# What to replace whole wheat flour with?



## MERTON (Mar 19, 2008)

i want something as nutritious or even more nutritious than wheat flour. it disturbs me that the price of wheat has gone up, so, i've decided to do a little boycot.


----------



## suziquzie (Mar 21, 2008)

what are you making? 
have you tried buckwheat?


----------



## mcnerd (Mar 21, 2008)

You might want to boycott eggs and milk too since they are right up there in short supply with the flour.  Other foods are not far behind as we progress further into the reported 7-year worldwide food shortage/famine.


----------



## Michael in FtW (Mar 21, 2008)

If you want to boycott all grains that have increased in price since last year, or boycott all foods that have increased in price over the past year, you're going to get a bit hungry on that water only fasting diet, merton! 

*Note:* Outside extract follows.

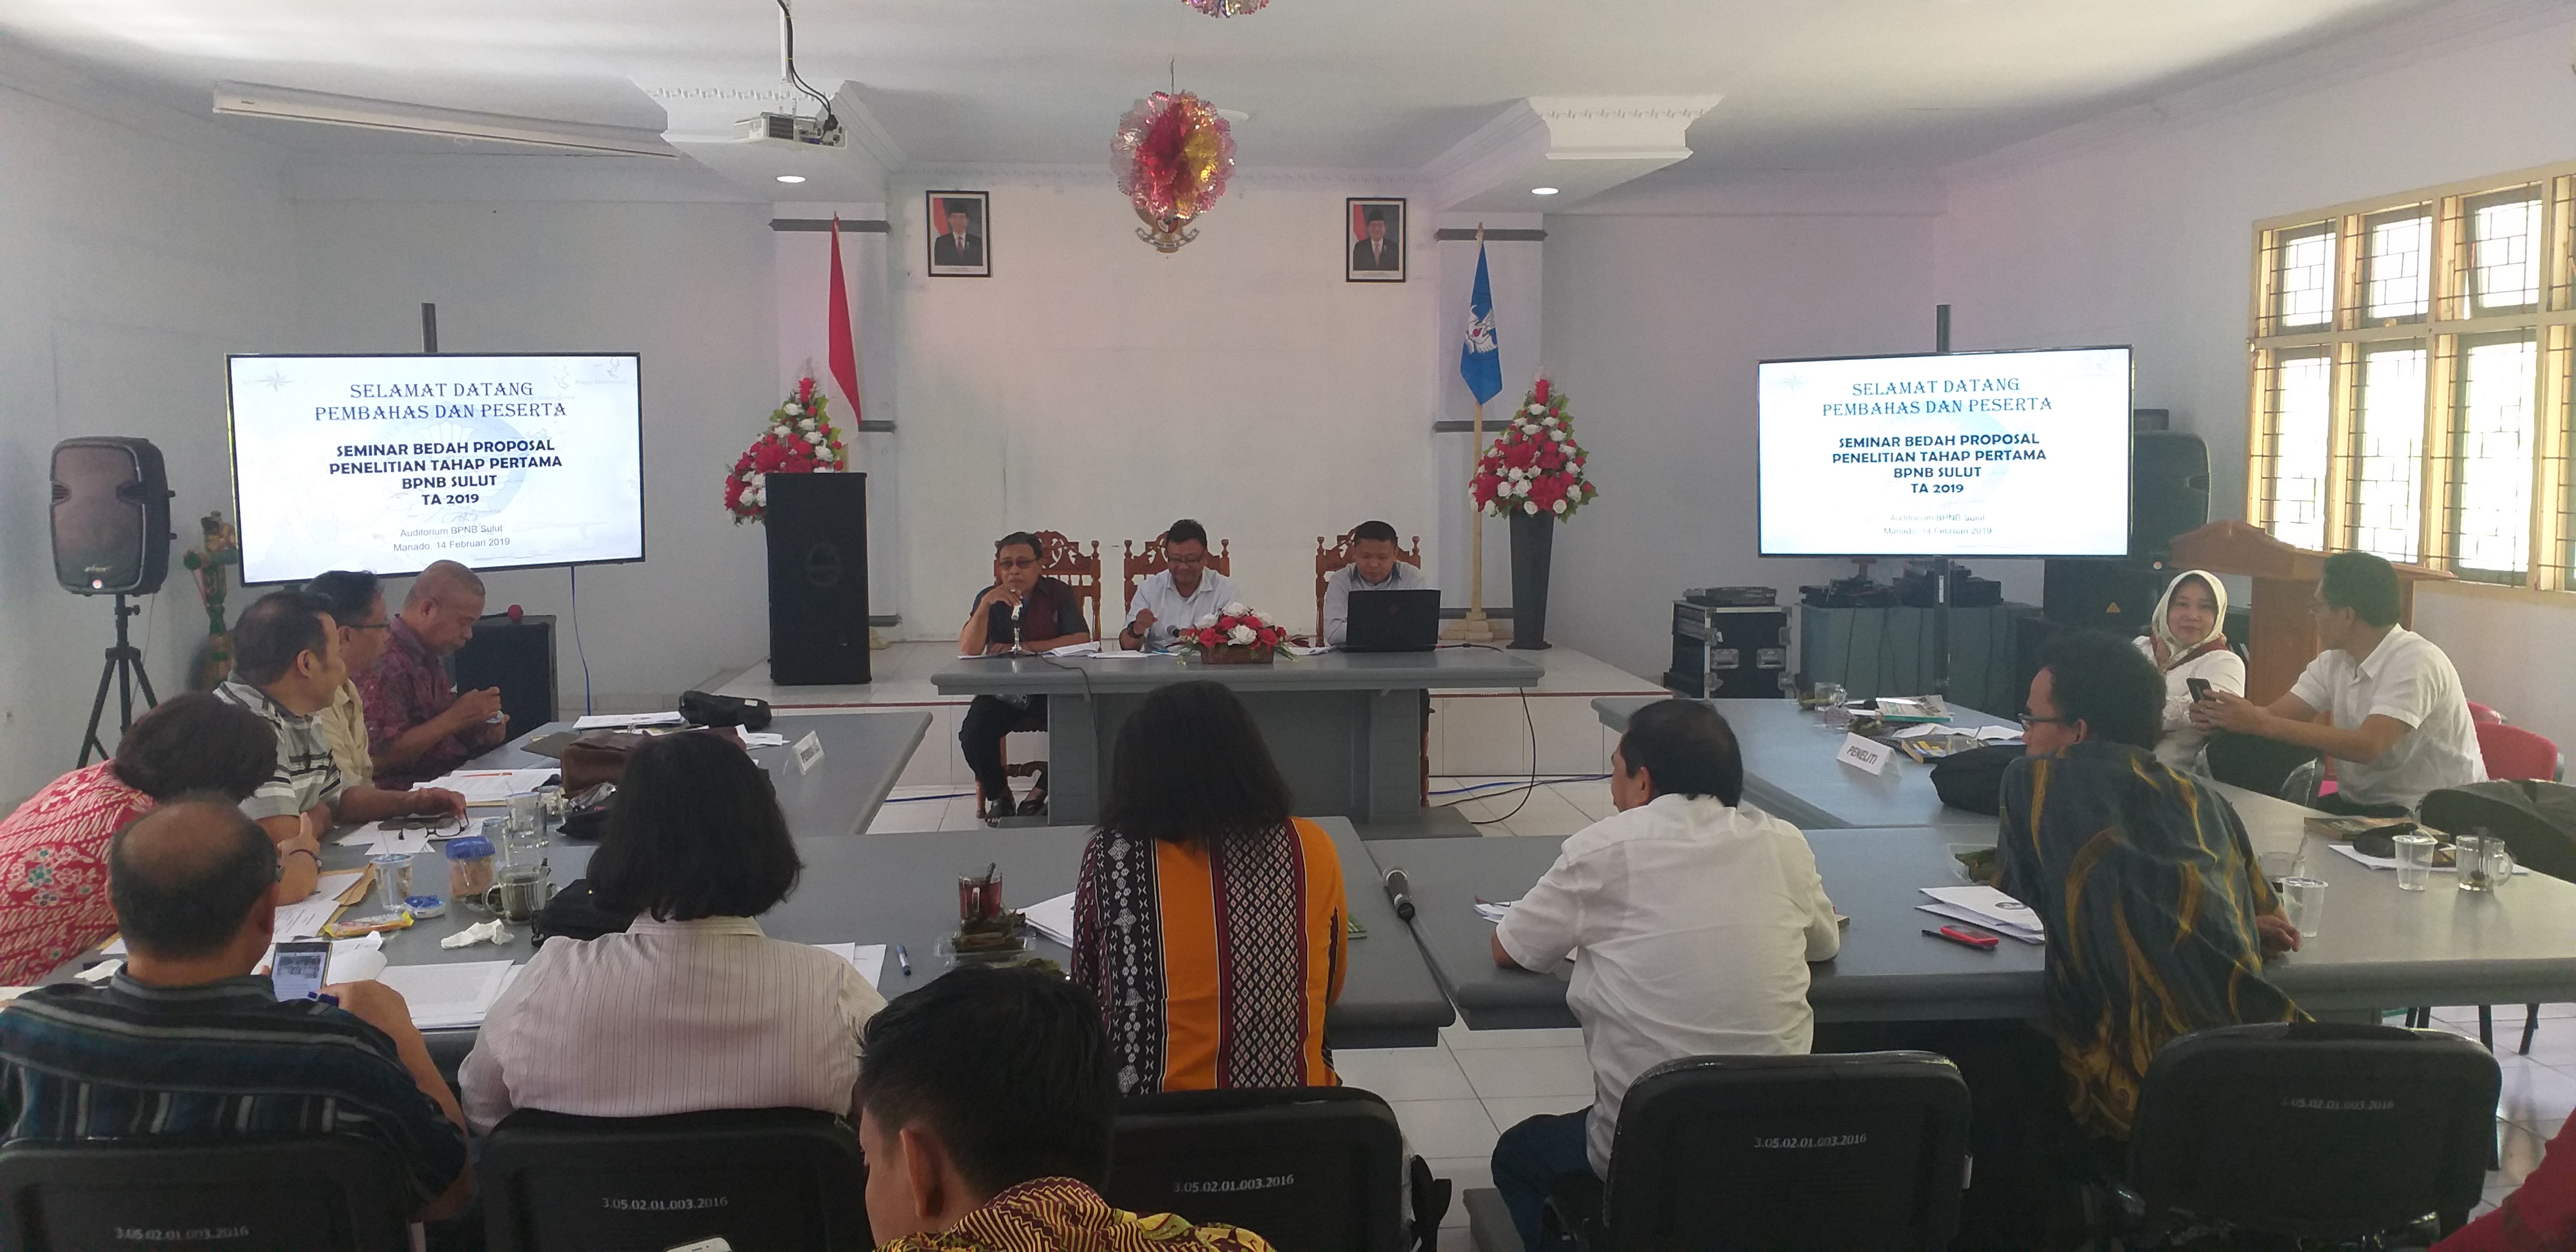 You are currently viewing Seminar Proposal Penelitian 2019 BPNB Sulut

There was a major wheat crop failure in Eastern Europe last year (if I remember it was the winter wheat crop in Russia) - so there goes the surplus and increased demand for the supply. Similar situation with corn - the surplus is going to Bio-Fuels - that has already sparked protests in several countries (think there were about 1-million in Mexico City just 3-5 months ago protesting the 17-cent increase in the price of tortillas). 

Another MAJOR factor in the increase of the costs of food is FUEL PRICES ... both to the farmers but also to the truckers (the biggest increase). Again, supply and demand. So - park your car in the garage and break out your bike, or roller blades ... ride the DART to work (I think you said you were in Dallas).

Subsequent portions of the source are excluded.